Unconfigured Ad

**poisson200** · 10-16-2010, 06:24 AM

Hi Mathieu,
I can only contribute a little; my data is fly genomic reads (nucleosome mapping) and the little I can say is that Shrimp seemed slow in my hands, if compared to bowtie. I have also used novoalignCS, which can deal with small indels, which to my knowledge, bowtie does not. You could also try BWA, which I think does colour space reads.

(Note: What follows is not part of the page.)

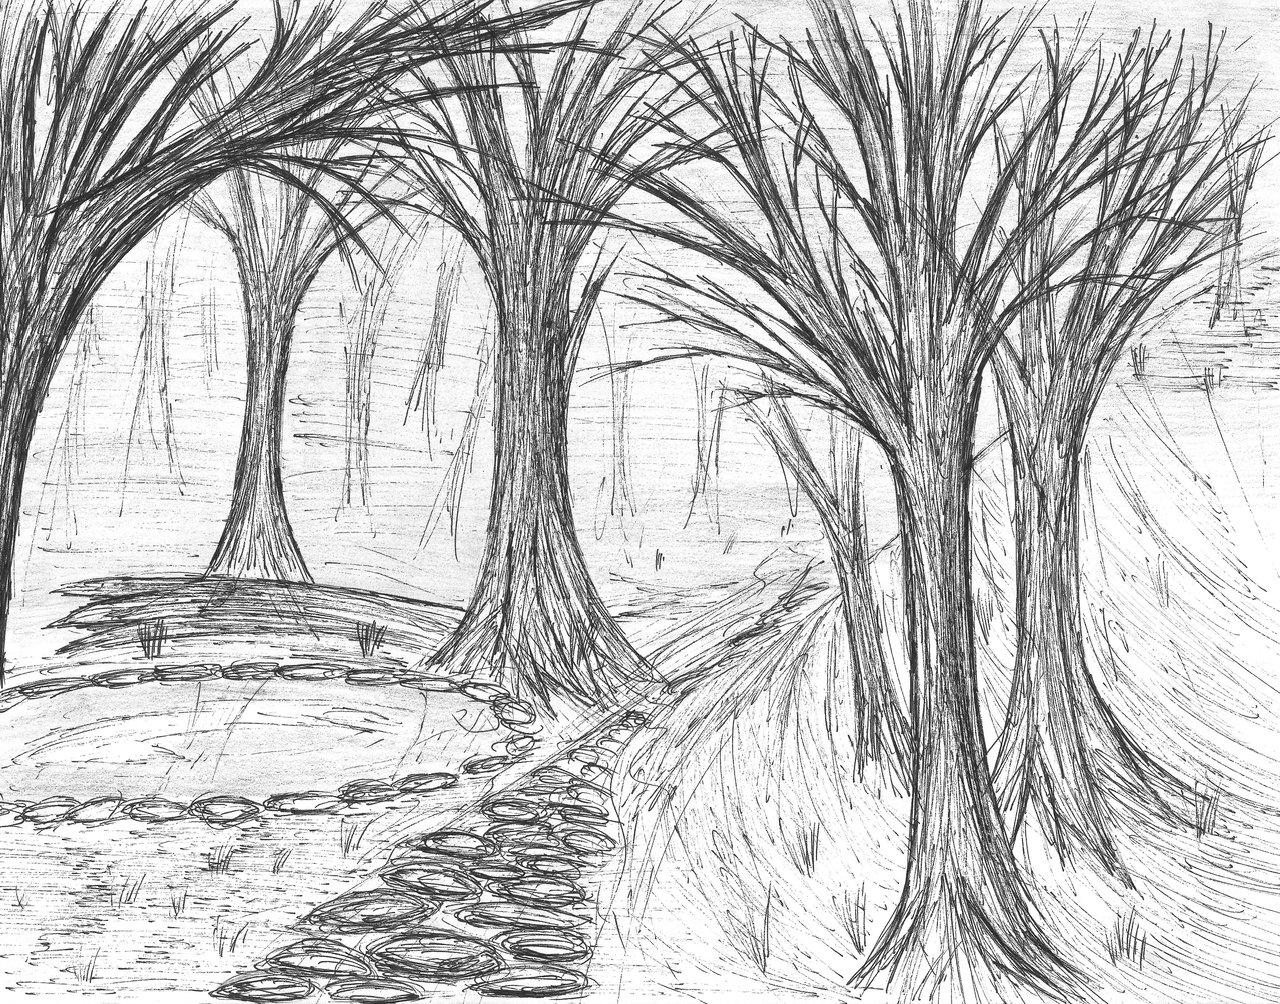 Drawn scenic black pen Tree/Scenery Pen by Trigun402 Pen
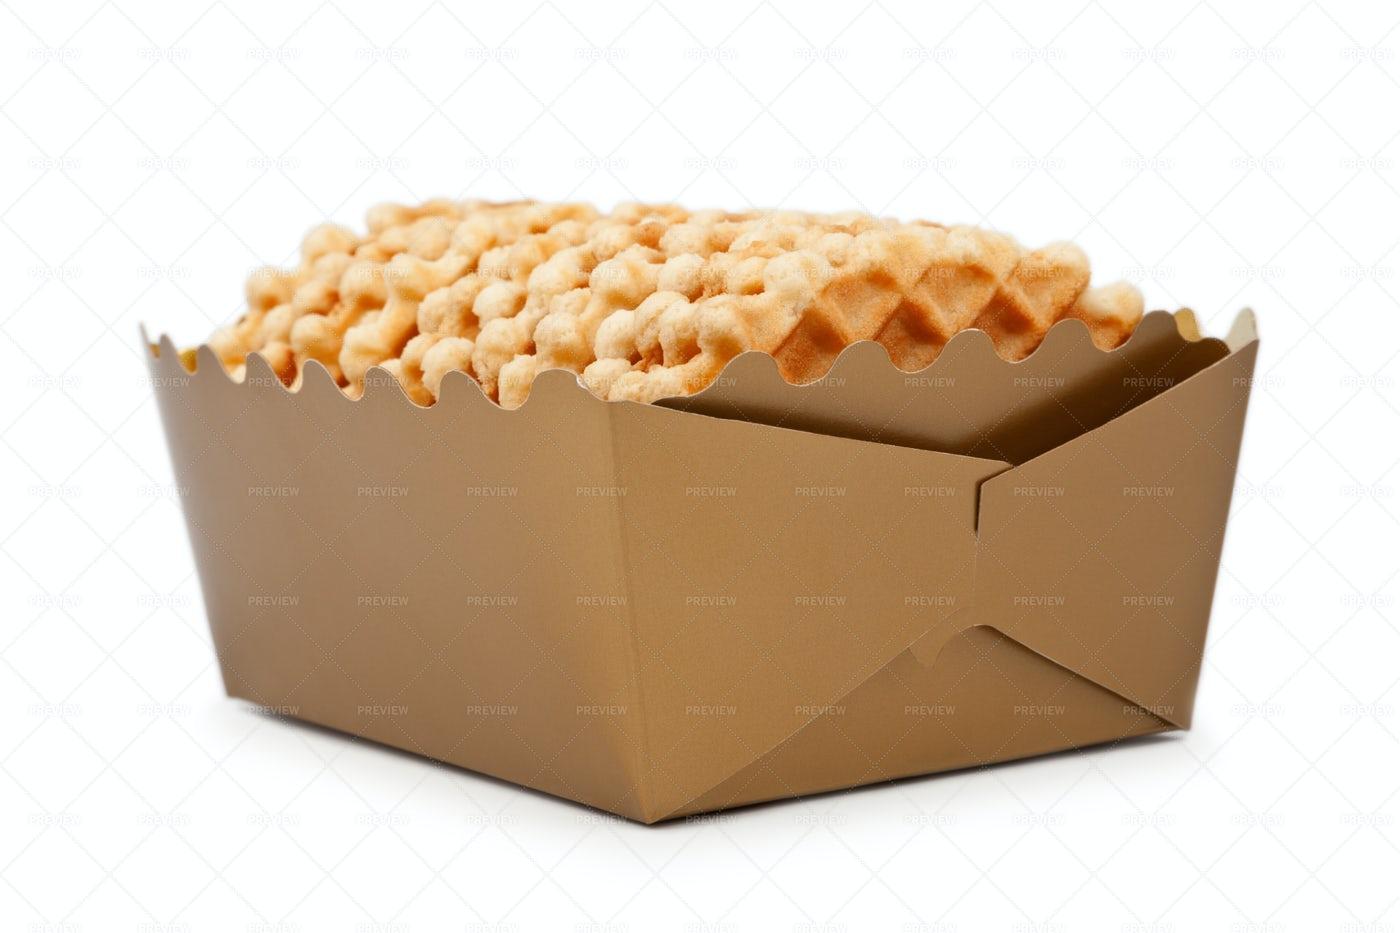 Box Of Waffles: Stock Photos

Have you tried Bioscope? I assume you have access to this software if you have a SOLiD sequencer. I have thought about trying BFAST too but we are currently comparing Bioscope read mapping with bowtie/novoalign. (I think you need a licence for novoalign). RNA-seq reads may benefit from TopHat (now handles colour space) as it can also map reads that span splice junctions/introns.

Kind regards,

John.

**epigen** · 10-20-2010, 10:32 AM

I had human RNA-Seq data 50 bp and tried BWA, BioScope, NovoalignCS, BFAST, and MOSAIK. I recommend BFAST for its high mapping rate and easy use (once you've created the indexes). BWA, NovoalignCS and MOSAIK have very low mapping rates. BioScope with the whole transcriptome pipeline can find splice junctions and gets rid of repeats but does not do gapped alignment (as Bowtie) and is a pain to install on a cluster.

**mathieu** · 10-20-2010, 11:14 PM

Hi epigen & John,
Thanks for your advices. I tried to install bioscope on our cluster but I gave up... Concerning BWA, it is the first one I tried and I was quite disappointed by the results since it has been highly recommended with low mapping rate (22.6%). The first results I have using BFAST and ShRIMP are almost the same in term mapping rate (57.5% and 51.2% respectively). However ShRIMP was a bit faster.

@epigen: For the SNP et InDels calling I am using samtools so far, but I am not very satisfied there are too many miscalls. What are your advices?

**epigen** · 10-26-2010, 07:06 AM

Yes, BFAST might give a lot of false positives, therefore the developer advises to do local realignment before. I didn't because I was interested in SNPs that are already annotated in dbSNP so I filtered for them. I also used samtools, but required SNPs to be present in at least 20 reads, have a score of at least 20, and not be at the end of a read. The most recent version of samtools has improved SNP calling compared to the previous one.
Now we want to find unknown, somatic SNPs for which we use SomaticCall from Broad, which of course only works if you have tumor-normal pairs. Otherwise, VarScan would be an option. For indels we use the indel genotyper from BROAD and Pindel.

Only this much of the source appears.